É urgente que o Governo avance com um plano estratégico para a defesa e valorização do olival tradicional português, sob pena dos olivicultores virem a abandonar essa prática. Uma ideia defendida pelo presidente da APPITAD - Associação de Produtores em Protecção Integrada de Trás-os-Montes e Alto Douro. Francisco Pavão entende que também ao nível da União Europeia, é preciso que o nosso país reivindique, nas negociações da nova PAC, mais apoios para o período pós 2020.
Francisco Pavão considera que o sector da Olivicultura vive um momento único, com produções de excelência em termos de quantidade, mas sobretudo em termos de qualidade, o que se tem vindo a reflectir no aumento da notoriedade do azeite português, quer no mercado interno, mas sobretudo no mercado externo, onde a exportação tem vindo a crescer. No entanto, o presidente da APPITAD diz que isso não quer dizer que o sector esteja a florescer. Isto porque, adianta Francisco Pavão, há dois tipos de olivicultura em Portugal: uma associada à nova realidade do Sul do País, onde predomina o olival intensivo e super-intensivo de regadio com utilização maioritariamente de cultivares não portuguesas; outra associada à grande área de olival nacional, o olival tradicional, na sua maioria de sequeiro e explorado por um grande número de olivicultores em todo o território.
Ora a qualidade dos azeites produzidos no olival tradicional esteve bem evidente no último concurso nacional do azeite, mas o problema é que nunca conseguirão ser competitivos ao nível do volume e dos preços, diz Francisco Pavão: “No último concurso nacional de azeites, os azeites obtidos a partir de olivais tradicionais ganharam 80% dos prémios. O que significa que temos aqui um enorme potencial e qualidade. São prémios obtidos por produtores de norte a sul do país. E portanto, para nós demonstrar que há uma enorme qualidade, mas que se for esta qualidade não for apoiada, preservada e potenciada, o que nós pudemos ver é que brevemente este olival pode ser abandonado, o que não se pretende. Vamos perder o olival como elemento fundamental da paisagem e do aspecto socioeconómico do interior do país”.
Perante este cenário, o presidente da APPITAD diz ser urgente criar uma “Estratégia Nacional para a Valorização do Olival Tradicional Português por forma a definir e elencar medidas de apoio à protecção e promoção destas produções.

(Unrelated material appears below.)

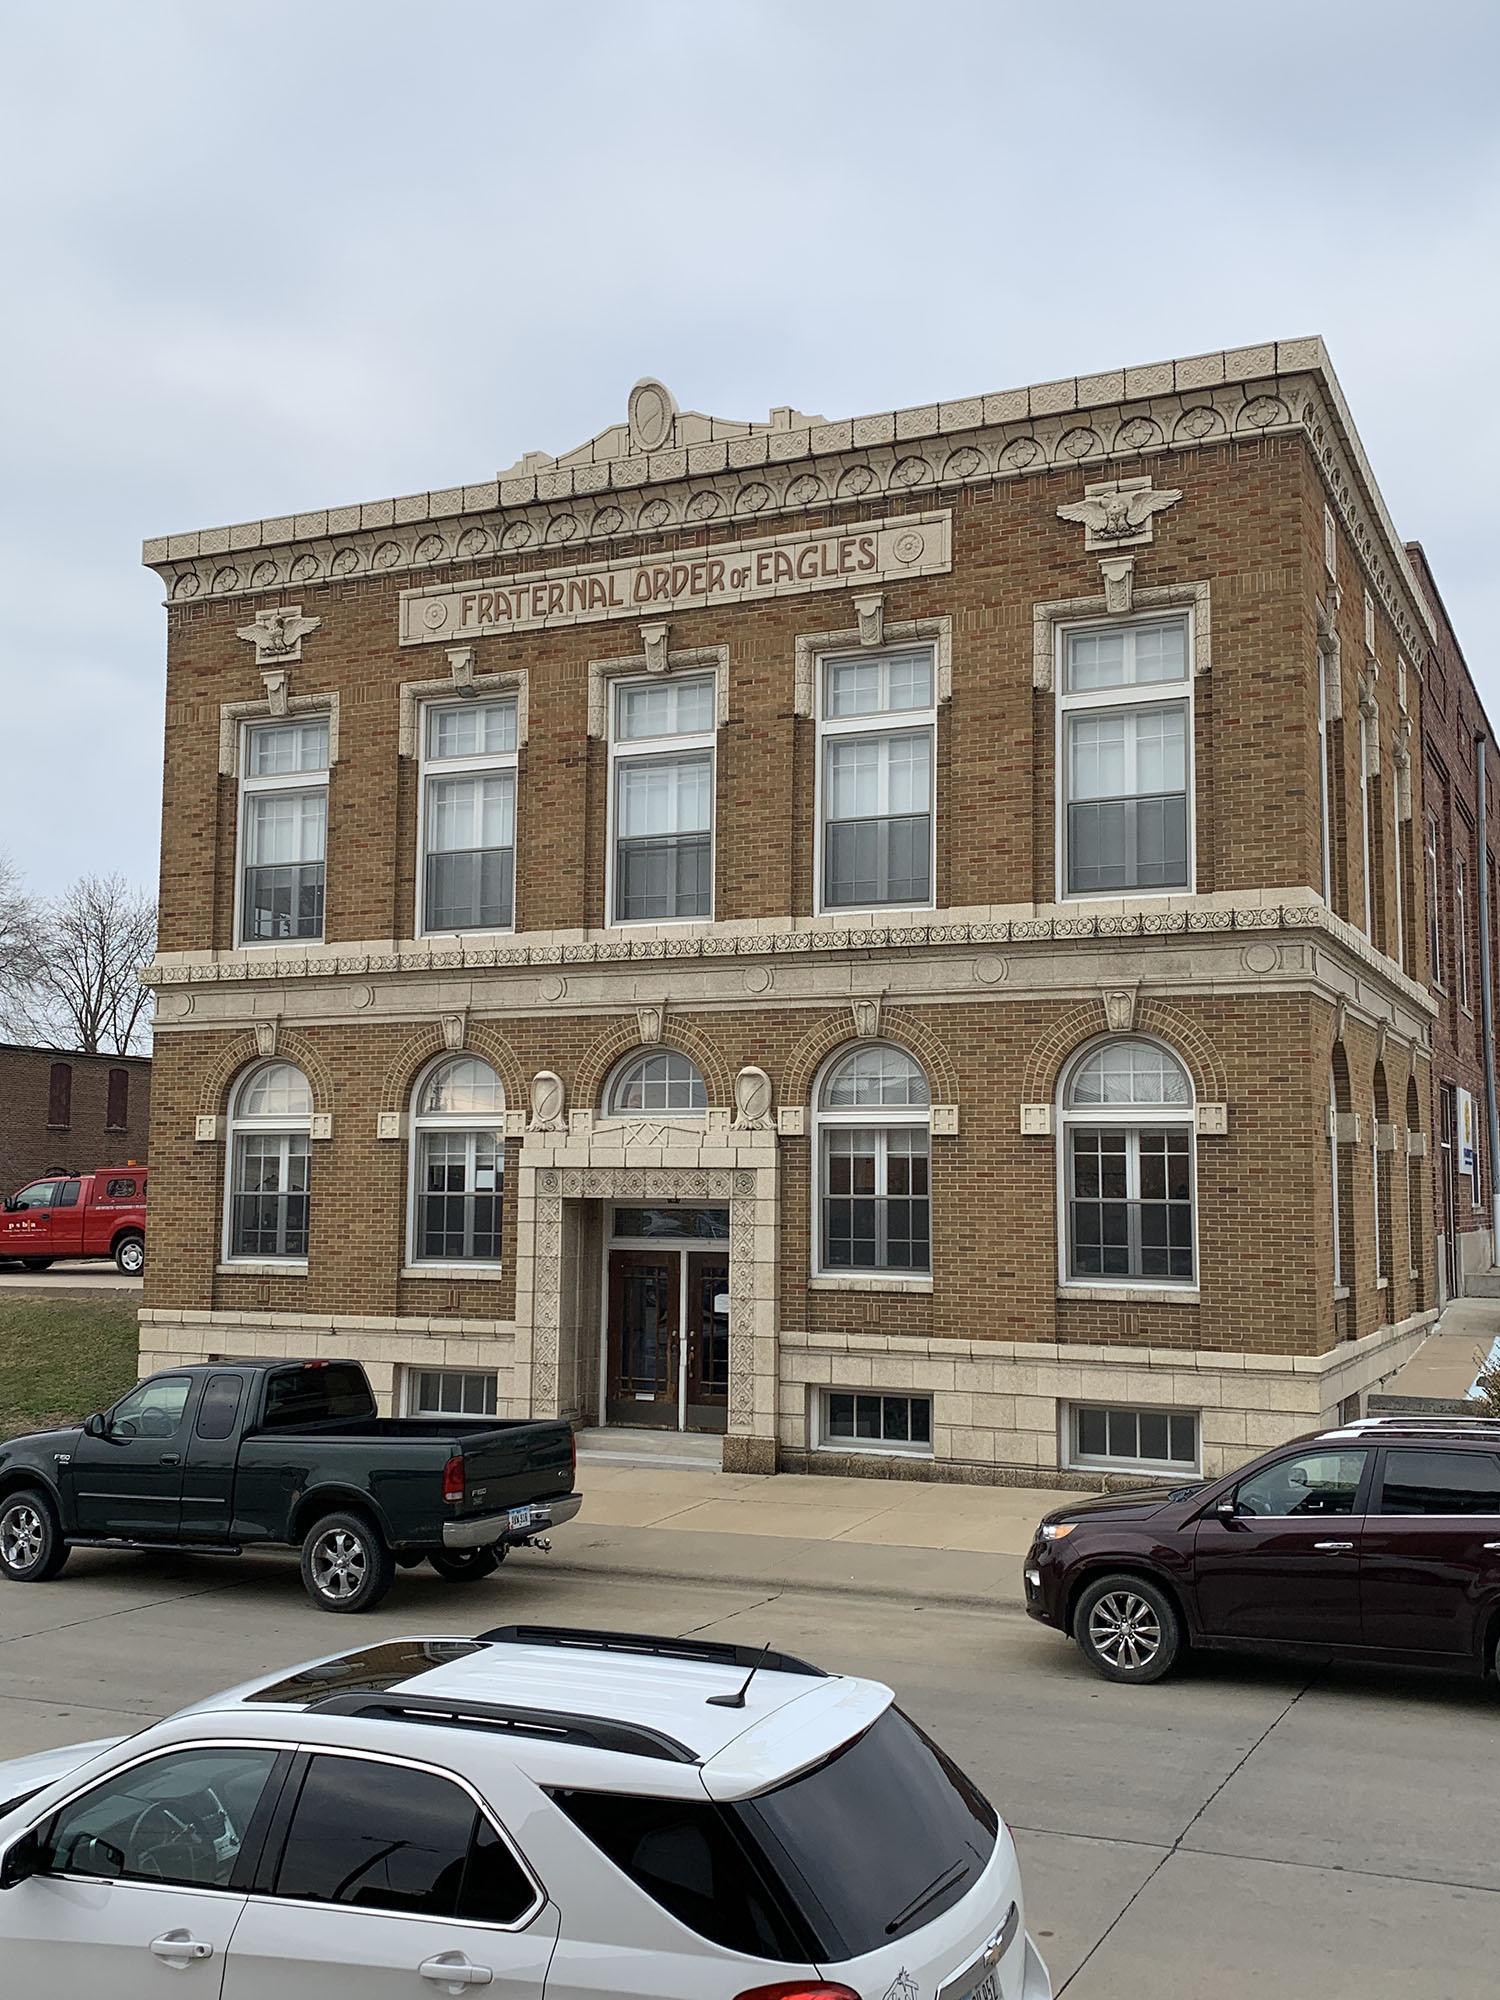 Eagles Building Exterior

“Urge encontrar um plano de salvaguarda deste tipo de olival e que não olhe só para a produtividade, mas também como um olival que contribuiu para a biodiversidade, para a definição do mosaico da paisagem e fixação de populações. Este é o nosso intuito e no sentido e defendemos que haja um plano para valorização deste olival, como surgiu agora o plano de valorização dos cereais”, defende Francisco Pavão.
Portugal tem azeite de grande qualidade premiado cá dentro e lá fora. O que faz falta, diz Francisco Pavão, é o Estado e os empresários assumirem de uma vez por todas, a necessidade de desenvolver campanhas de promoção e educação dos consumidores, a começar nos mais pequenos.
“De pequenino se torce o pepino e é importante que as escolas ensinem a consumir azeite potenciando o seu uso. Em Portugal e na União Europeia, o consumo têm vindo a estagnar, portanto é importante que se potencie o uso desta gordura saudável junto das escolas e seja feito um plano de formação e sensibilização, da restauração, das escolas de hotelaria e universidades”, acrescentou Francisco Pavão.
O presidente da APPITAD lembra ainda que está na fase inicial a discussão da Política Agrícola Comum pós 2020, e entende que o sector do azeite português terá que unir esforços no sentido de sensibilizar Bruxelas para um conjunto de problemas que são transversais aos diversos tipos de olival nacional e europeu.
Urge criar uma Estratégia Nacional para a Valorização do Olival Tradicional Português por forma a definir e elencar medidas de apoio à protecção e promoção destas produções. É o que defende o presidente da APPITAD.